In Houston, people of color made up 95% and 80% of the population in the two ShotSpotter pilot program zones.
In Dayton, Ohio, ShotSpotter's first deployment was in west Dayton, the heart of the city's Black community."
In Kansas City, Missouri, ShotSpotter was deployed in a 3.5-square-mile area of the city in neighborhoods where White people make up only 3.5% of the population.
Newark expanded its use of ShotSpotter into schools in 2021, and 30 of the 34 school buildings selected are in majority Black zip codes in schools with nearly 70% Black students.
ShotSpotter (and its customers) often justify this seeming racial disparity by saying they're just using data to determine mic placement. But that's its own problem: the data fed to predictive policing programs and other algorithms to supposedly increase law enforcement efficiency" is tainted by the years of biased policing that generated this data. What's treated like math and science is usually just a self-fulfilling prophecy: if cops believe certain areas (or certain people) are more prone to crime, they will spend more time there, generating even more data to feed to machines that pump out little more than byte after byte of confirmation bias.
The letter asks the DOJ to take a close look at funding recipients and their use of this tech. It also suggests the federal government would be well-served to suspend any further funding of surveillance tech until it has this sorted out and has put meaningful limits, guidelines, and other tools of accountability in place to prevent future misuse of federal funds.

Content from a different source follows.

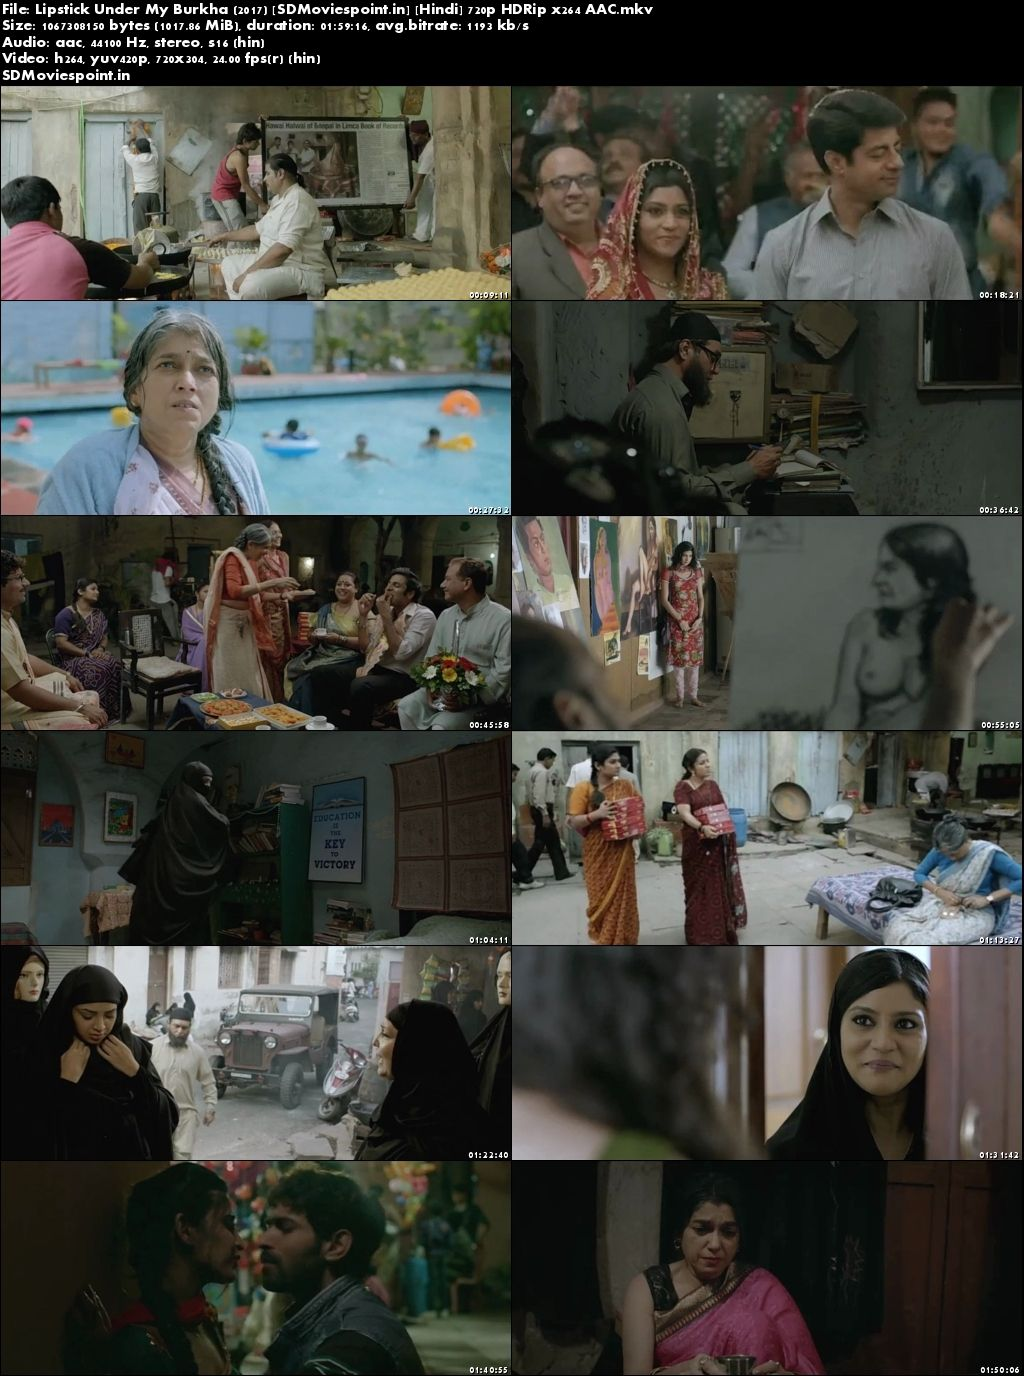 Screen Shots Lipstick Under My Burkha (2016) Full HD Movie Download 720p

The DOJ has yet to respond or comment on EPIC's letter or its suggestion some federal fund recipients are violating Title VI requirements with biased deployments. But it has prompted one of the most dogged critics of all things surveillance to respond with his personal assurance that both ShotSpotter and the DOJ won't be allowed to simply pretend this has never happened.
Ron Wyden, a leading privacy hawk in the US Senate, tells WIRED that he planned to urge Garland to adopt EPIC's recommendations.

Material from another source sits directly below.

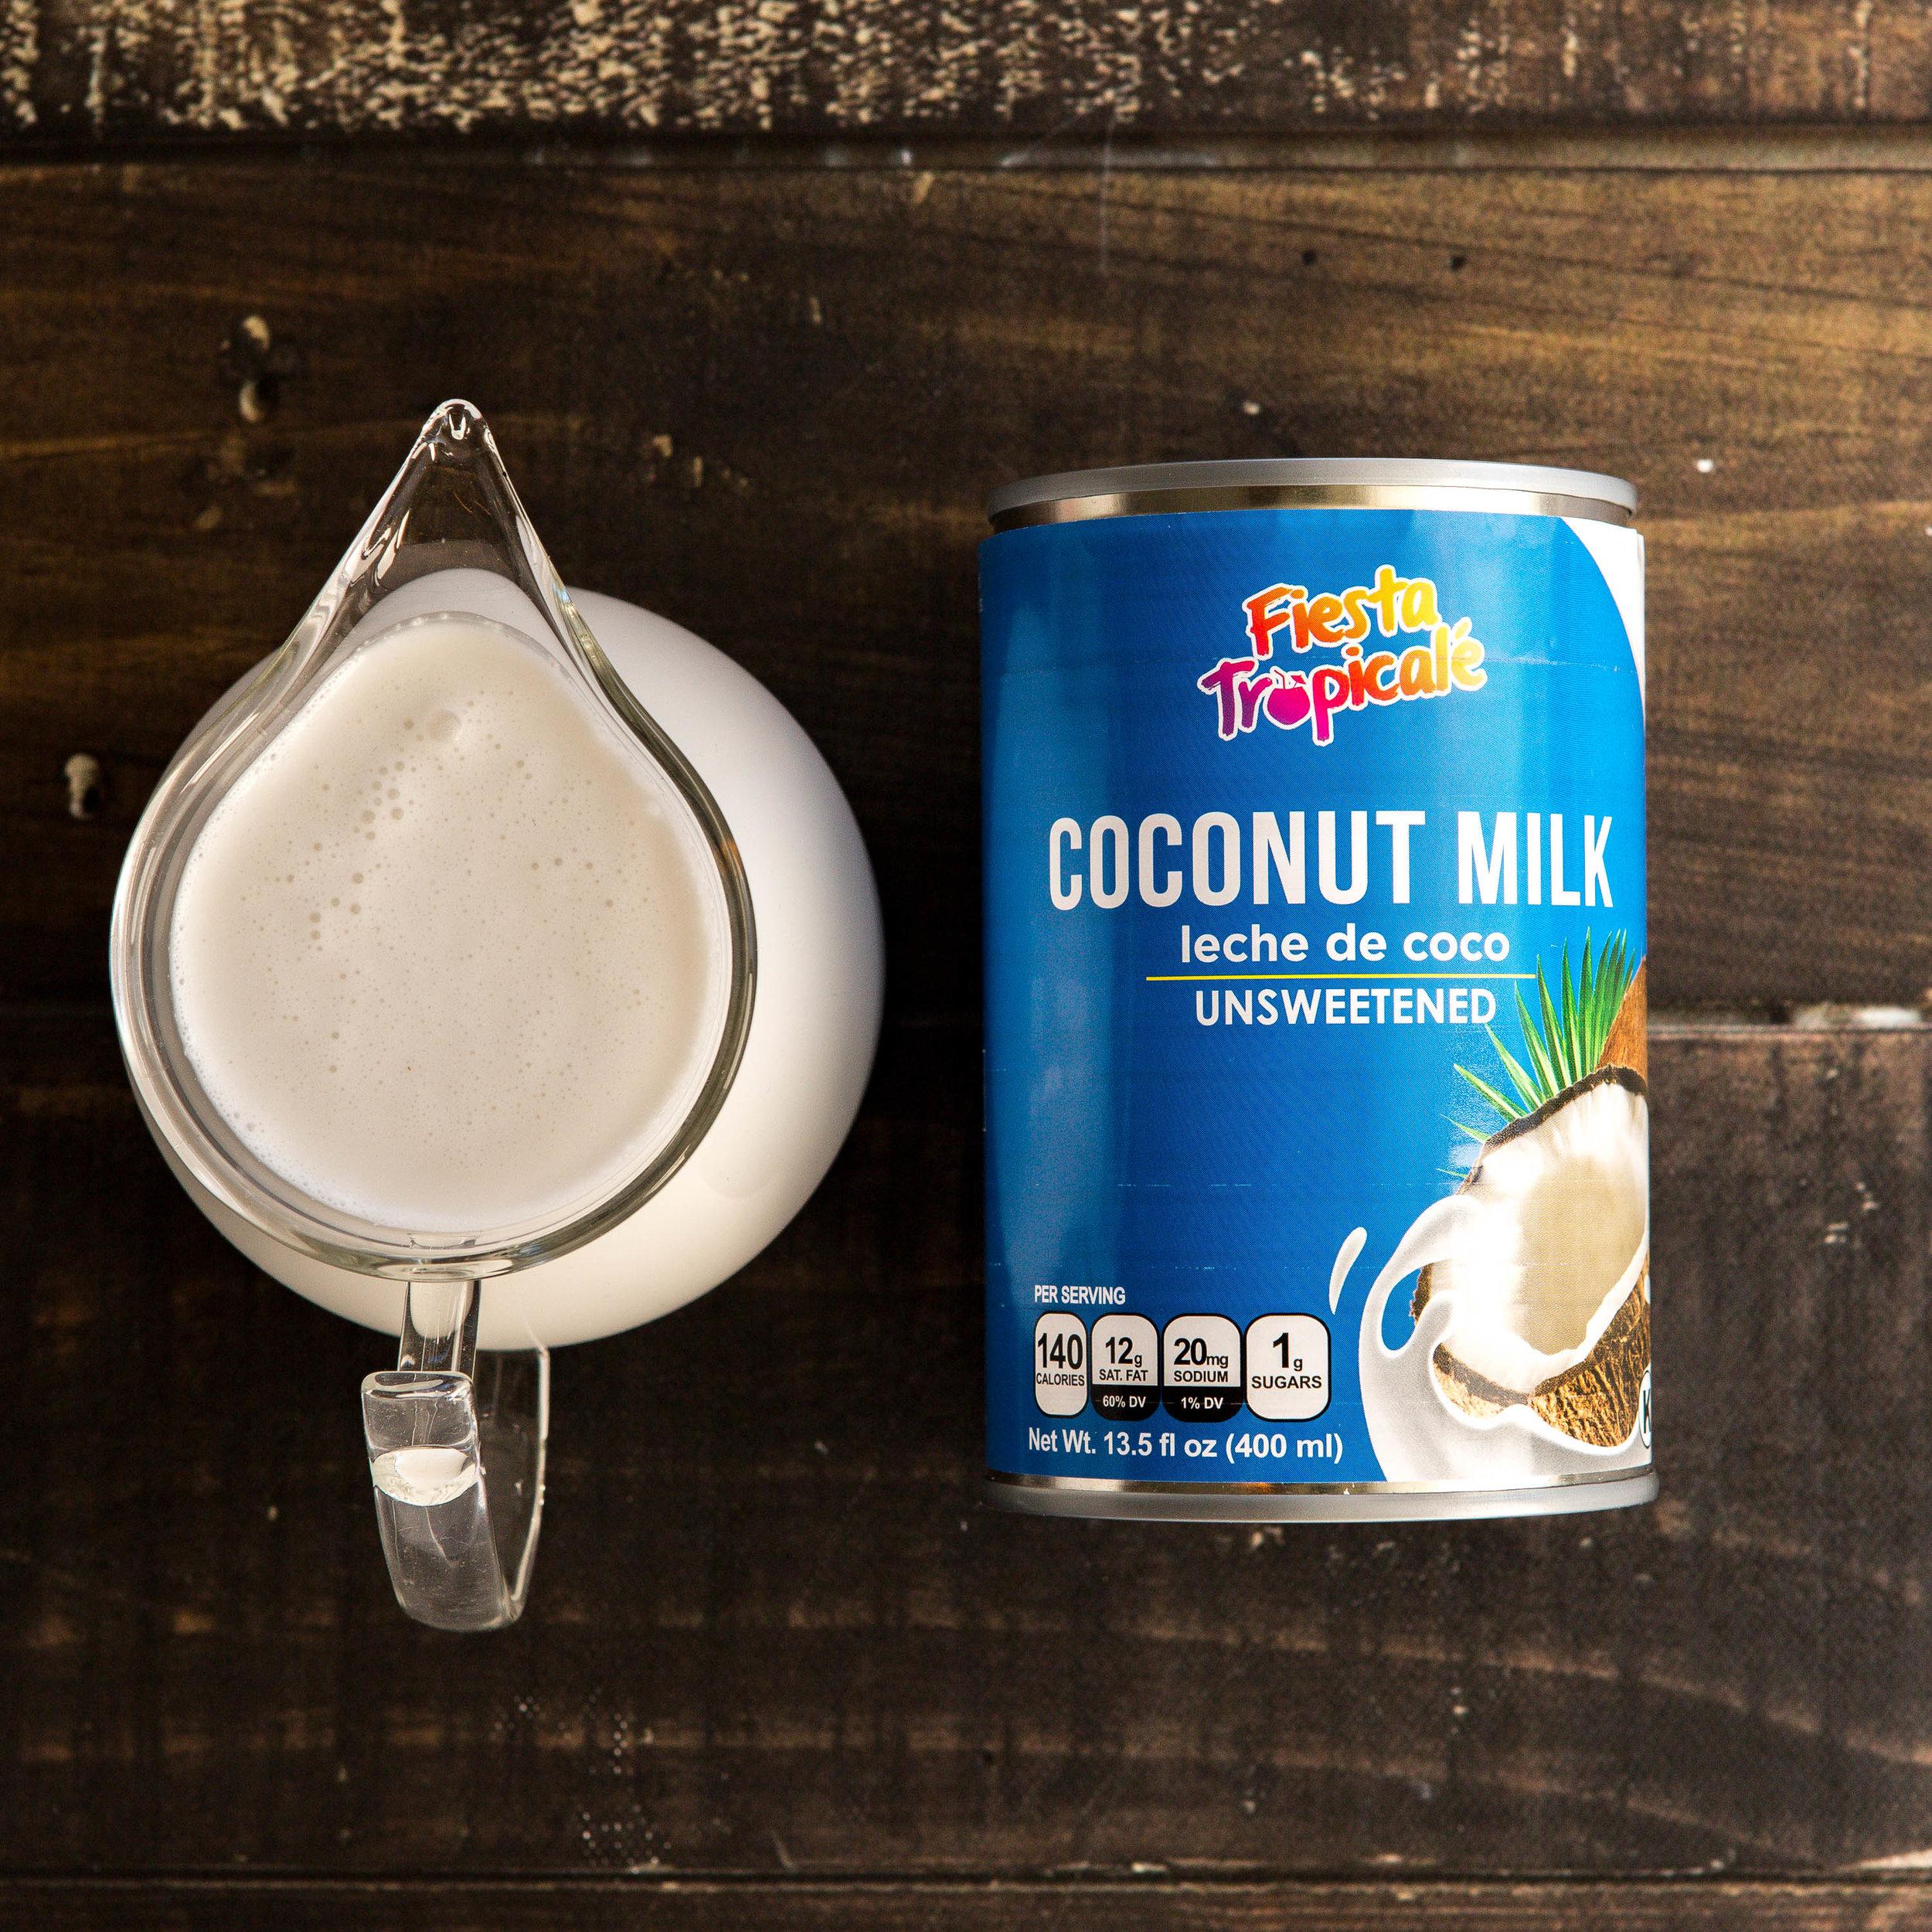 Fiesta Tropicale Natural Coconut Milk

There is more than enough evidence at this point to conclude that technologies like ShotSpotter do essentially nothing to stop crime," Wyden says, but instead have a well-documented discriminatory impact on marginalized and vulnerable communities."
And if that's all ShotSpotter really is: an expensive add-on for the same old racist policing, one has to wonder why the DOJ is bothering to fund it at all. If nothing else, this might make SoundThinking a little less popular with local PDs, if only because they can't get the federal government to buy these useless toys for them.